Is Contracting the right choice for you? To assist you in working that out we have put some relevant information together so you can find out the pros and cons – and learn the key steps you will need to take before you can start your first contract role.
Do your research
Firstly, make sure you do thorough research about your market and make sure there is a demand for your particular skillset! For this, you can also have a look at some of the job sites we have mentioned below and type in your skillset and look for contract work. This will give you an idea of the positions available along with the rates and see if this is what you expected.
Talk to your local recruitment agencies and get their views, plus, an idea of the rates.
One thing with regards to rates is that you must obviously have the opportunity to earn more money than you are now; or perhaps earn the same amount in less time… Here’s a starting point for you – do a quick calculation by dividing your yearly salary by / 220 days and the by / 8 hours. If the daily rates out there are not more than this; then you may want to have second thoughts…!
Find a contract
The easiest way to find a contract is by searching online.

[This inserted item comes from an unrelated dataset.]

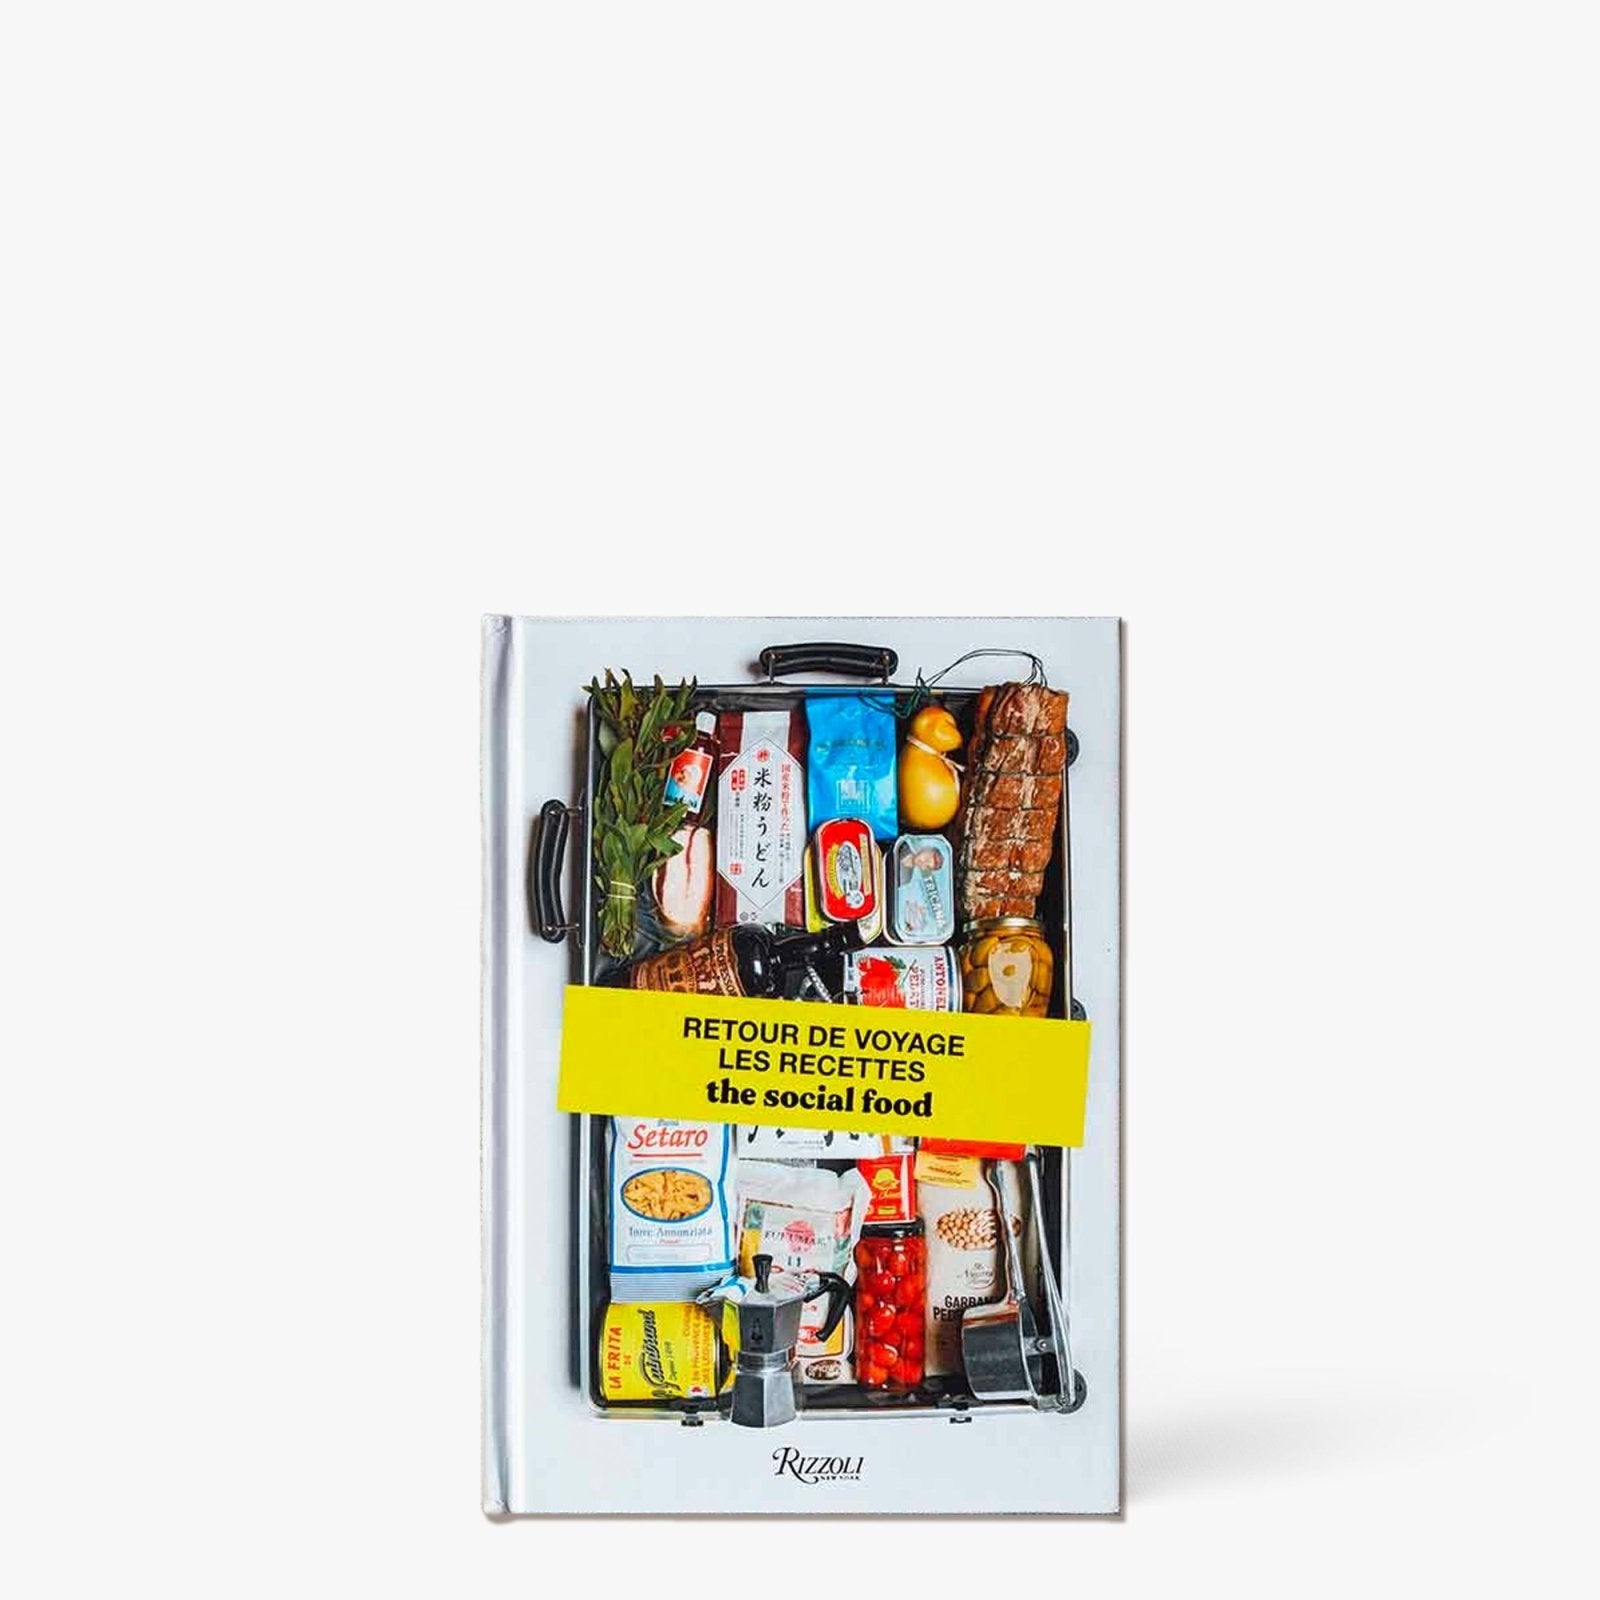 Retour de voyages, les recettes. The social food - Rizzoli International publication - iRASSHAi

Look at online job boards to see what types of clients and contracts are available; it is a great place to start – you can either use the dedicated filters or for example try using the word ‘contractor’ as a keyword on the online job boards.
It’s also worth checking job listings on a company’s career page, subscribing to relevant newsletters, and keeping up-to-date with relevant forums, newsletters and social media sites.

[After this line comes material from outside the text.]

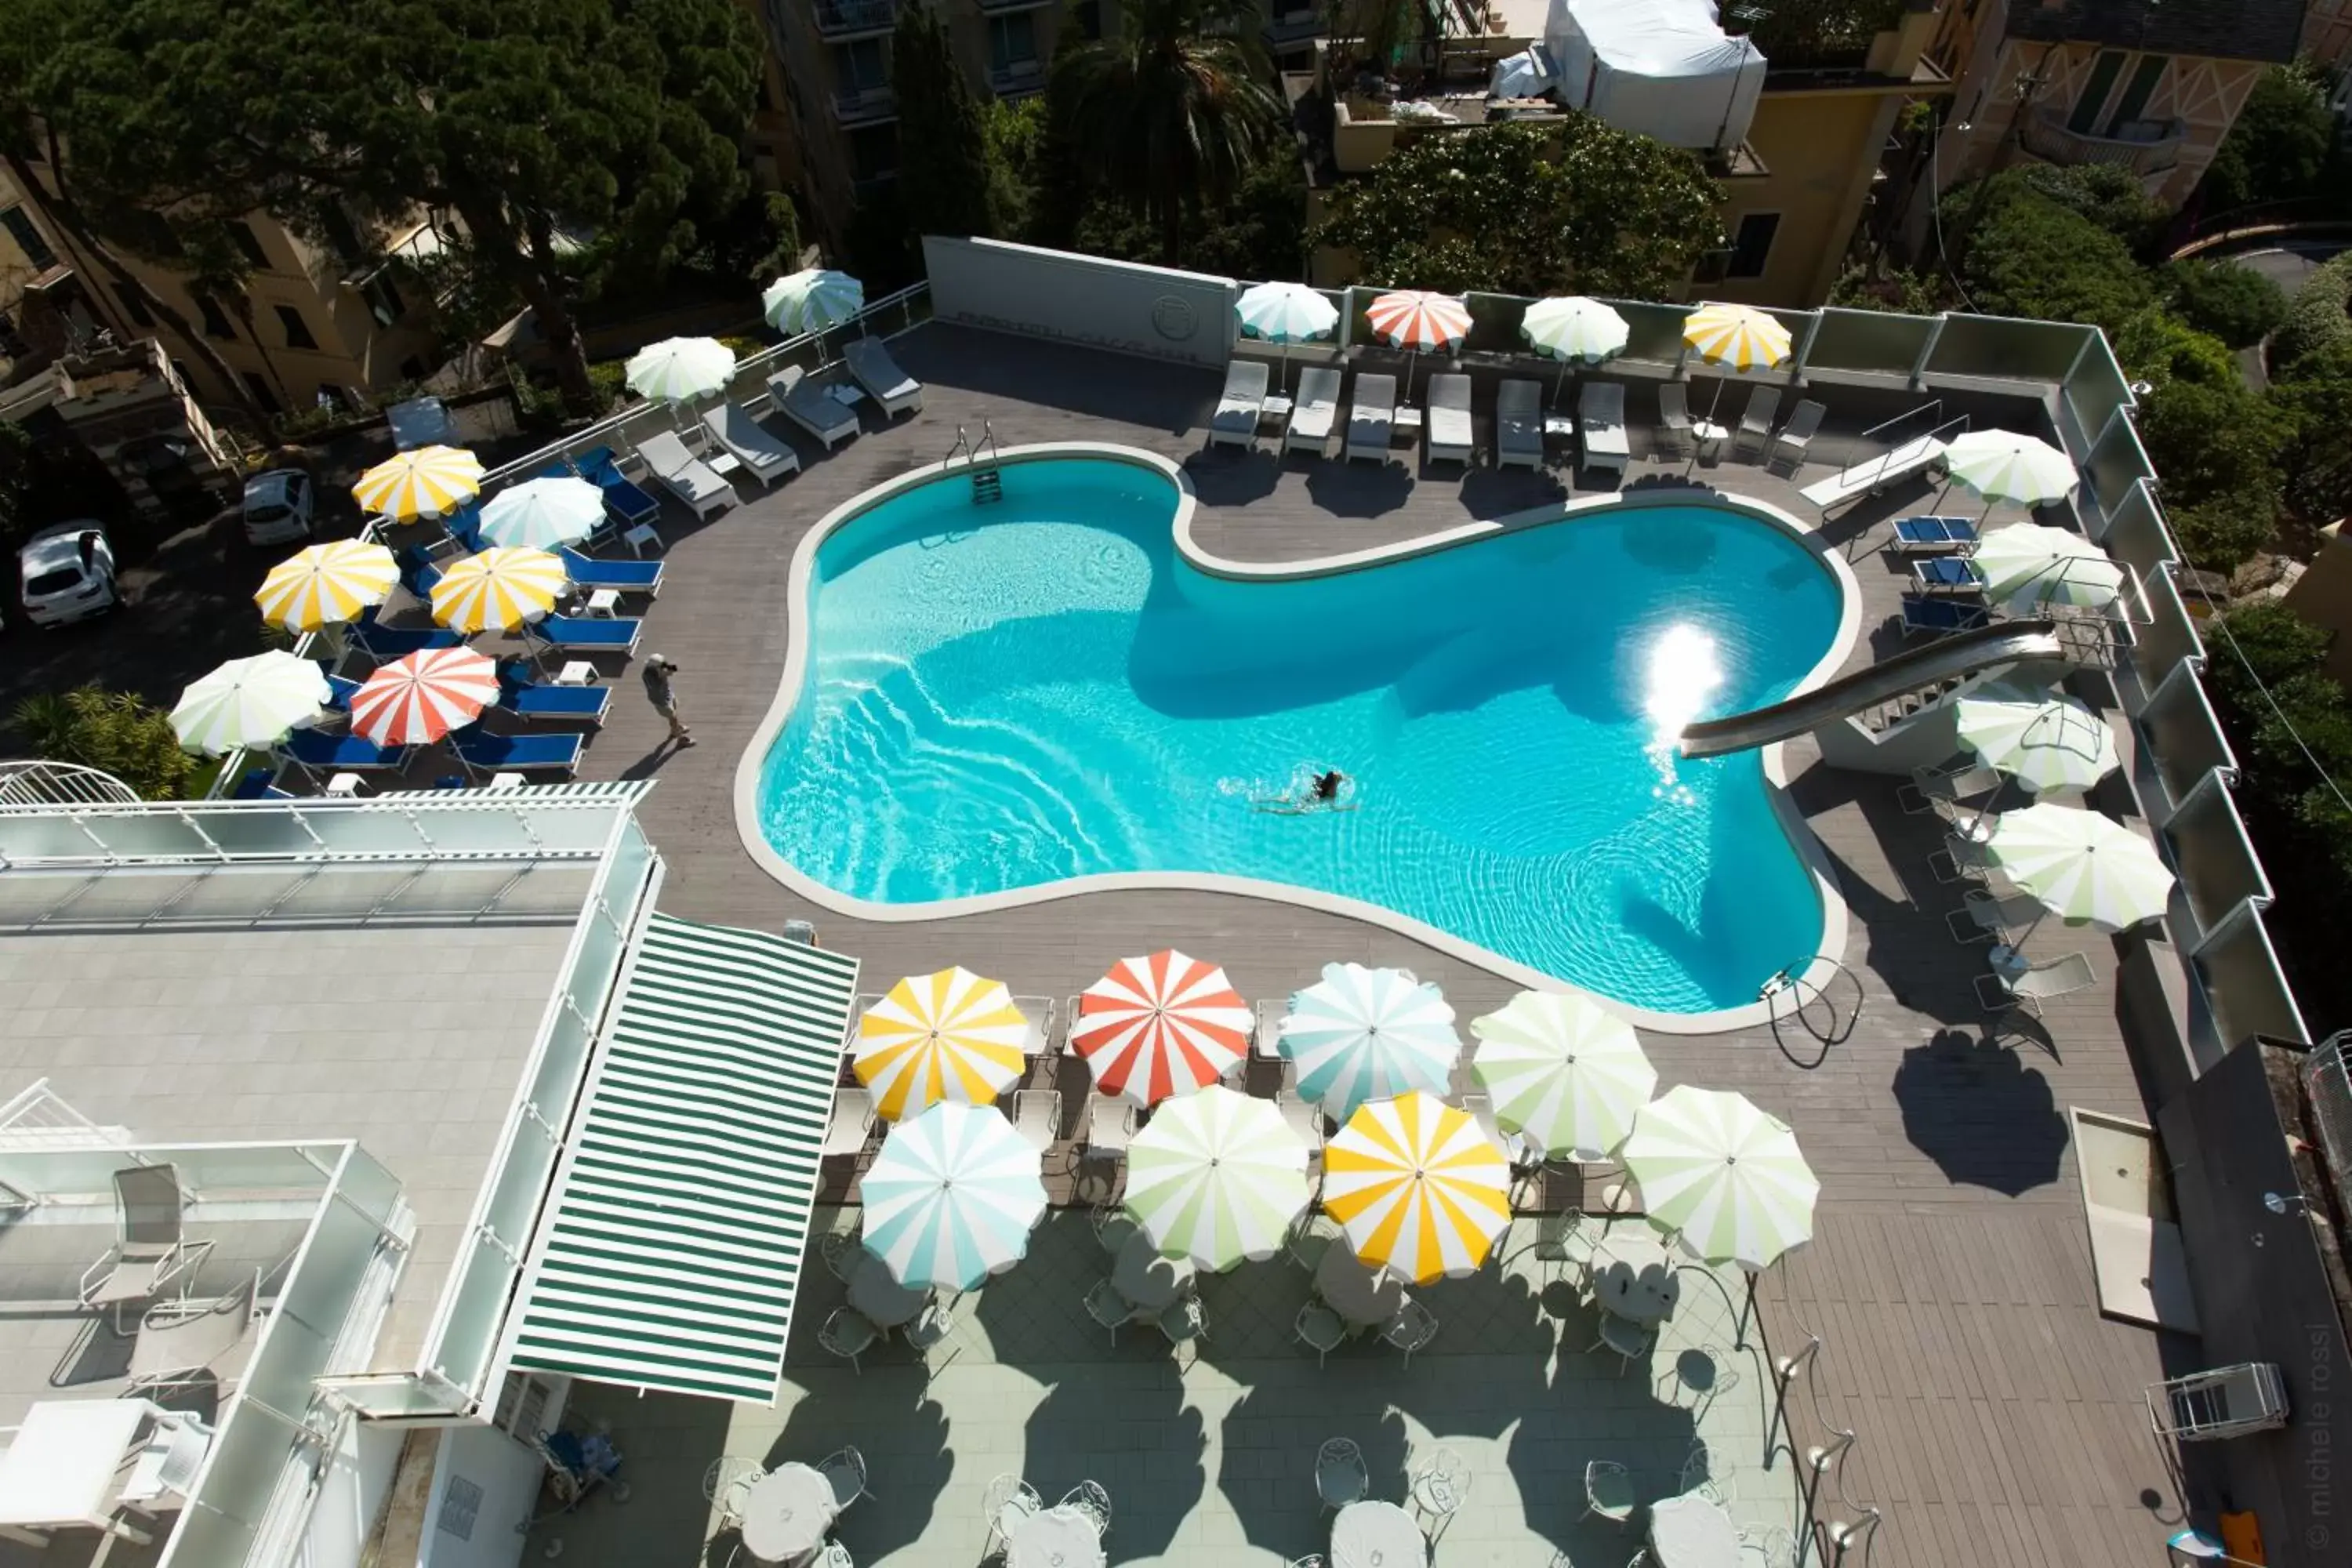 Pool View in B&B Hotels Park Hotel Suisse Santa Margherita Ligure

LinkedIn, in particular, is one of the most effective tools in order to build your network as you can directly connect with the head or recruiters of any company and look for ways to be in touch with them to put your CV forward. However, it’s worth keeping both online and offline ways of networking while looking for new contracts.
Set up your own company
Before you actually have your first contract in hand, you will have to decide how you want to operate. The two of the most popular models are, either setting up your own private limited company or working through a contractor management payroll company. Of course, there are pros and cons for both…
Setting up your own private limited company means that you become the director and shareholder of the company. It allows you to have complete control, be it financial or administrative, over the company. However, completing paperwork and documents, coping with duties and responsibilities which are not your speciality will keep you busy and give less time to focus on your core service offerings.
Alternatively, if you choose to work through a contractor management payroll company, then they will take all your extra responsibilities like sorting and chasing the invoices, debt collection, lodging BAS, managing cashflows etc, from your shoulders giving you more time to focus on your core service offerings and spending the spare time with your friends and family. Working with such a company means you are eligible for PAYG and superannuation contributions which is not necessarily a bad thing.
The good part here is that maybe you are able to still claim all your expenses you would have done under your own company, plus all the required insurances and your end of year tax return are covered by the contractor management payroll company.
Deciding which direction is right for you is one of the key considerations of contracting – so make sure you carefully consider the pros and cons of each before making your decision.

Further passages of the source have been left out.